I'm wondering about both the separation of federal prisons and state prisons, and the separation of the former prisons to county jails.
Are there political factors that influence how that separation is used, and that it exists in the first place?
This is mostly a function of who pays for the very high cost of keeping someone incarcerated (typically $25,000-$75,000 per person per year depending on the type of facility involved).
State Prisons v. Federal Prisons
Existing Practice
People sentenced to felony prison sentences by state courts for state crimes are incarcerated in state prisons at state expense, while people sentences to felony prison sentences by federal courts for federal crimes are incarcerated in federal prisons at federal expense.
This is a function of the jurisdiction of each government under a dual sovereignty system as discussed in the answer by @hszmv
The Motivation Behind Existing Practice
The separation of federal and state prisons prevents the federal government with burdening states with the cost of paying to incarcerate people incarcerated as a result of federal laws, and vice versa.
If the federal government wants long sentences for drug offenders, it is going to have to foot the bill for paying for keeping those drug offenders in prison for a long period of time.
Jails v. State Prisons
Existing Practice
County jails are used to incarcerate people pending trial in courts usually organized on a county by county basis for bureaucratic and budgetary purposes, and also for people convicted of misdemeanors (traditionally punishable by up to one year in jail, although local practice varies and most states have multiple grades of misdemeanors with different maximum sentences).

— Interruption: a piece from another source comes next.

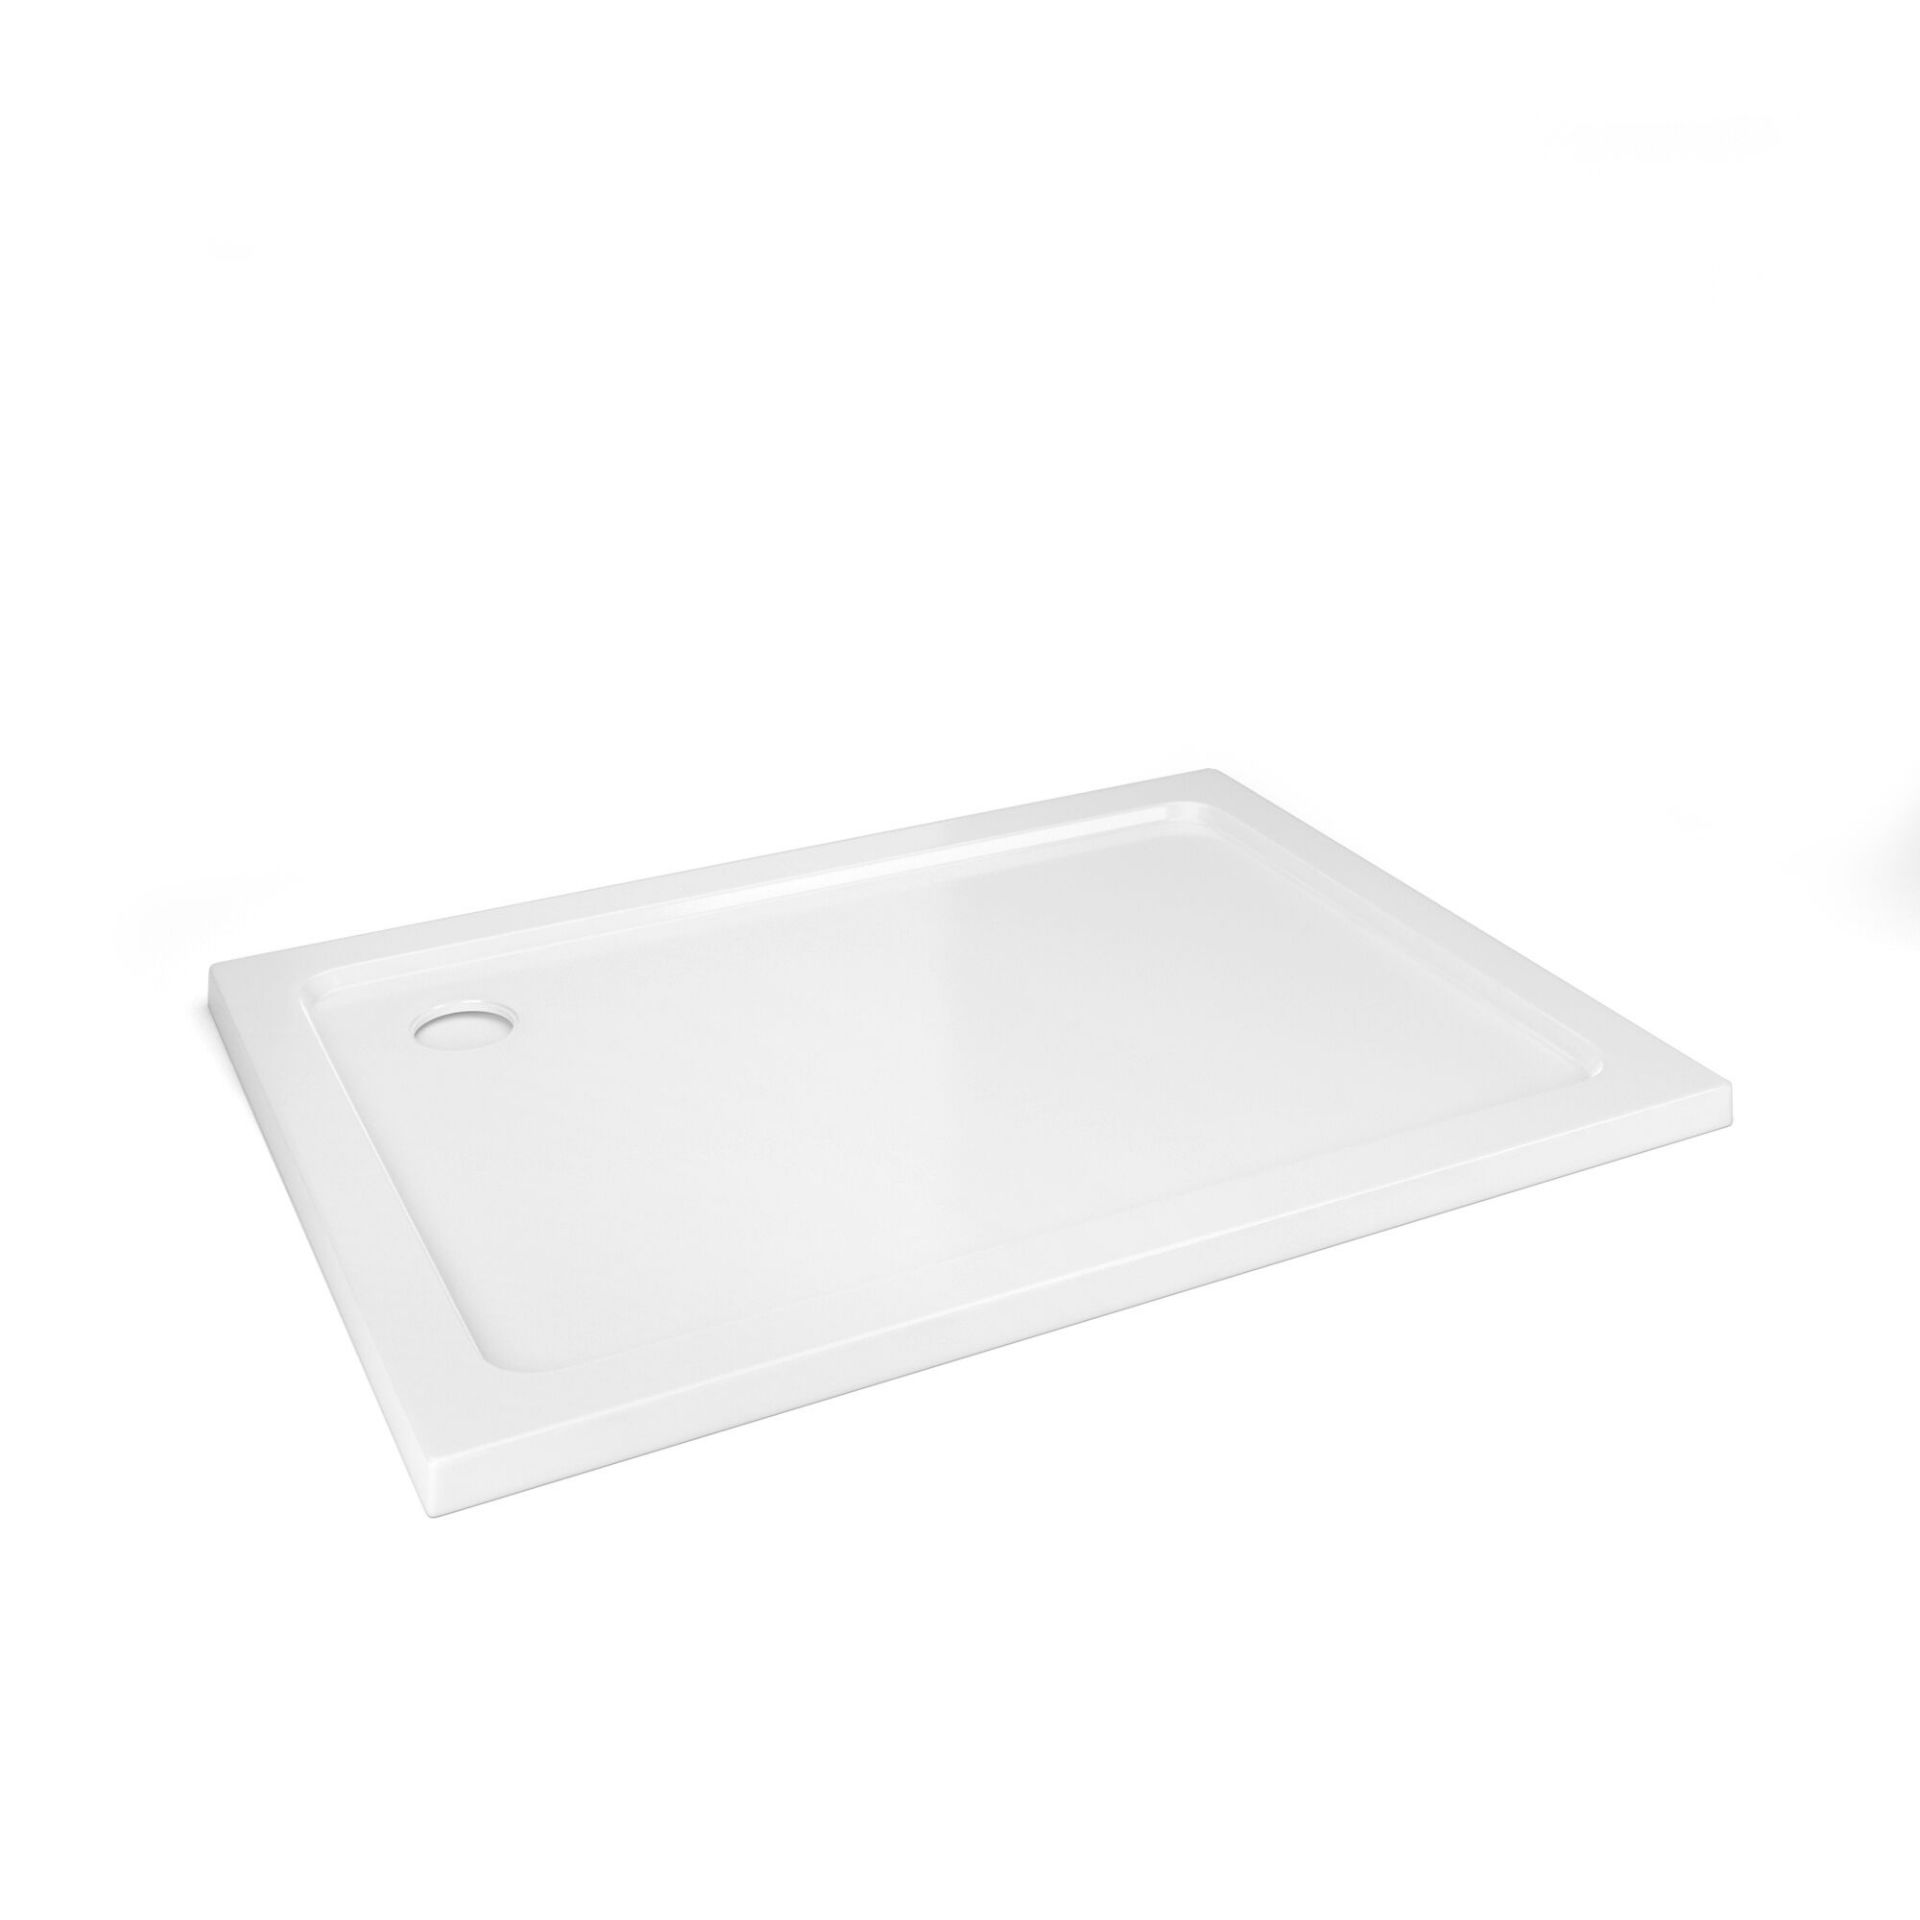 (Z245) 1100x800mm Rectangular Ultra Slim Stone Shower Tray. Low profile ultra slim design Gel ... - Image 2 of 2
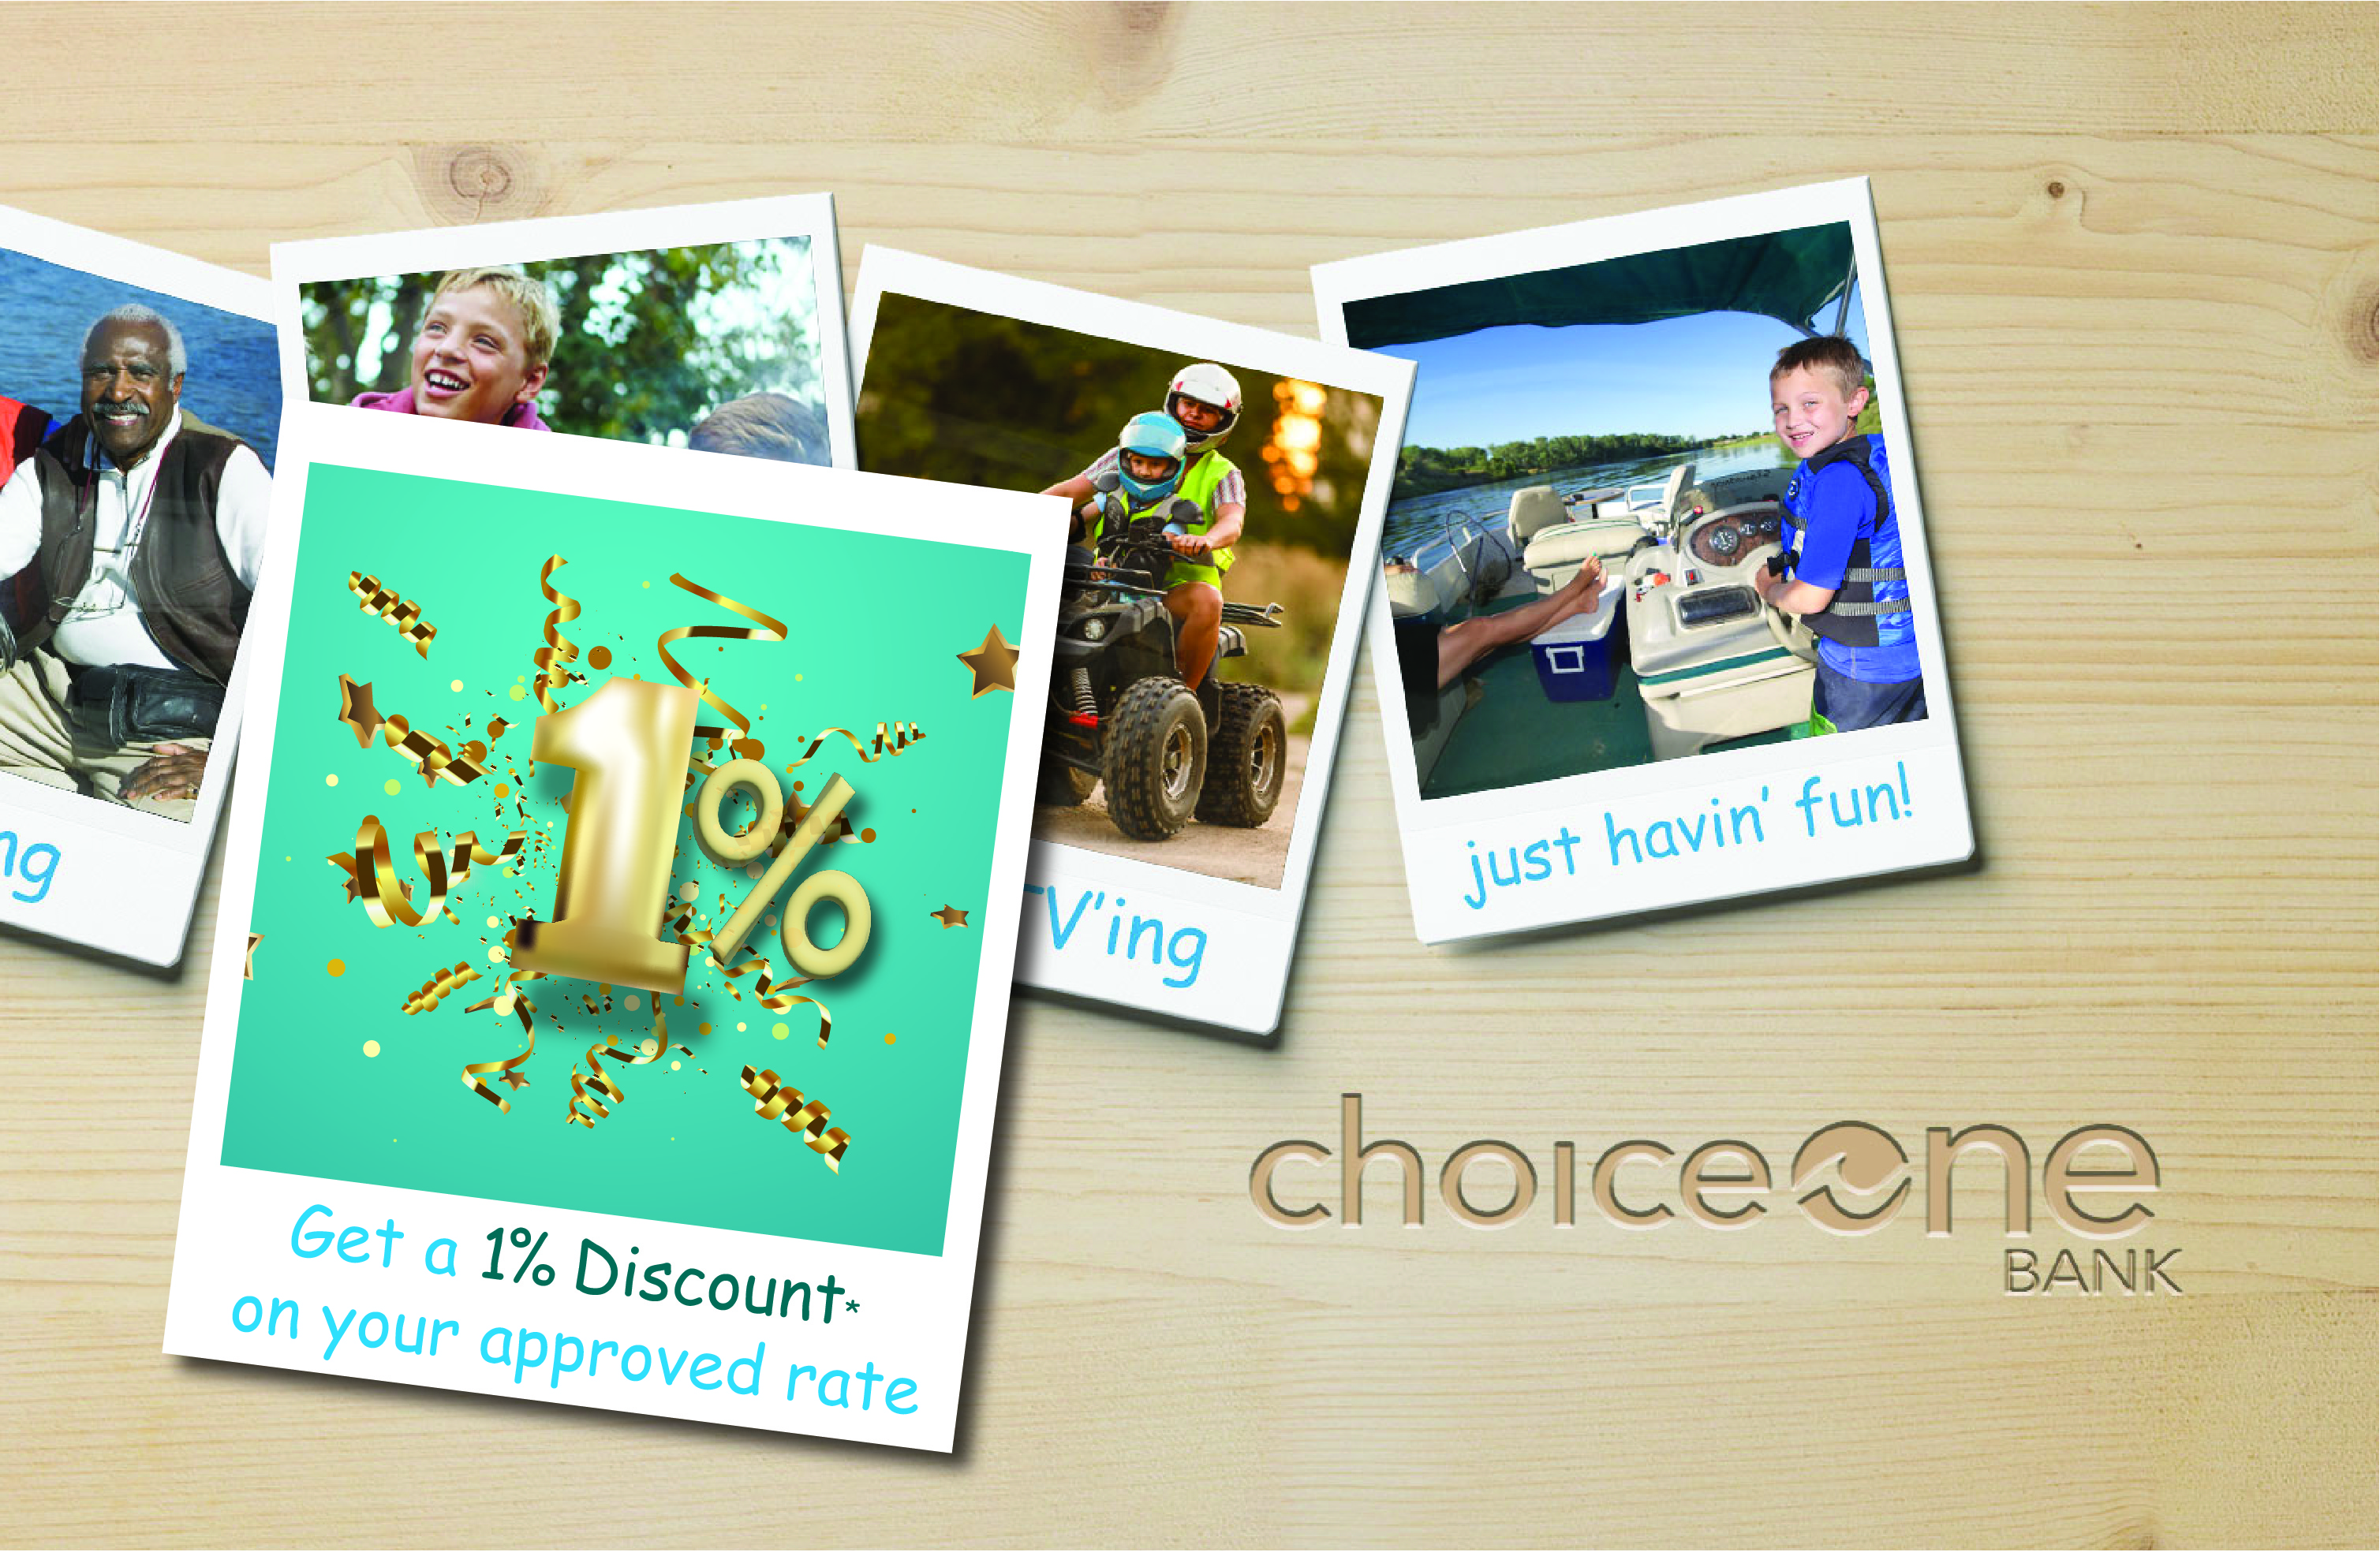 ChoiceOne Bank polaroid photos of loan special

(The federal government often contracts with county government to hold federal criminal defendants awaiting trial or sentenced to misdemeanors in county jails on a fairly generous per diem basis because it doesn't have a high enough volume of such defendants to justify having its own jail system in most places - about 99% of criminal prosecutions are handled by state and local governments, and federal criminal defendants are often white collar criminals who can post bail pending trial and then face felony sentences if convicted.)
State prisons hold people convicted of state crimes called felonies that are punished by more than one year of incarceration (conventionally).
The division between state prisons and county jails is more arbitrary and a matter of tradition. State law (or at least an easy change to a state constitution) could change it.
The constitutional allocation of responsibility for criminal justice matters between the national government and state governments in Germany is closer to the allocation of responsibility for criminal justice matters between state and local governments in the United States than it is to the allocation of responsibility for criminal justice matters between the federal government in the United States and the state governments in the United States. German states routinely administer criminal laws enacted by the German federal government. But, in the United States, it is very rare and controversial for U.S. states to administer criminal laws enacted by the U.S. federal government. In contrast, U.S. counties routinely administer criminal laws enacted by state governments.
The Motivation Behind Existing Practice
Putting the economic burden of pre-trial detention on counties makes sense because it discourages counties from underfunding local courts and prosecuting attorneys' offices that determine how long it takes to get trials scheduled.
A related factor is that local law enforcement typically varies much more in how they exercise their discretion in prosecuting misdemeanor offenses than they do in how they exercise their discretion in prosecuting felony offenses.
For example, there would be a great deal of variation in how often local law enforcement officers and prosecutors prosecute homeless people for trespassing, but there would be very little difference with how often local law enforcement officers and prosecutors investigate or prosecute a report of an armed robbery or a murder. Keeping local fiscal responsibility for costs that involve more local discretion, while keeping state fiscal responsibility for costs that involve less local discretion makes sense.
While felonies are typically punished near the middle of the allowed range of sentencing discretion, misdemeanors are predominantly punished near the bottom of the allowed range of sentencing discretion insofar as incarceration is concerned, often less than a month, even for the most serious misdemeanor offenses punishable by up to a year or more in jail.
The notion behind having misdemeanor sentences following a conviction of a misdemeanor offense served locally is that the bureaucratic bother of transferring a convicted misdemeanor defendant who often has only a modest number of days of incarceration left after time served awaiting trial (or simply because misdemeanor sentences are often much shorter than the permitted maximum sentence) isn't worth the trouble in the vast majority of case. If the defendants were sent to prison, they'd be processed into the system and then immediately start the bureaucratic process of getting them out, with lots of travel expense each way in prisoner secure buses.
Some states, notably California, have tinkered with how the burden of incarceration costs are handled in their unified court system, which has changed the balance of how prosecutors choose to charge felonies v. misdemeanors. Prior to reform there was an incentive to charge someone with a minor felony rather than a serious misdemeanor, when possible, in order to shift incarceration costs from the local government to whom they reported, to the state.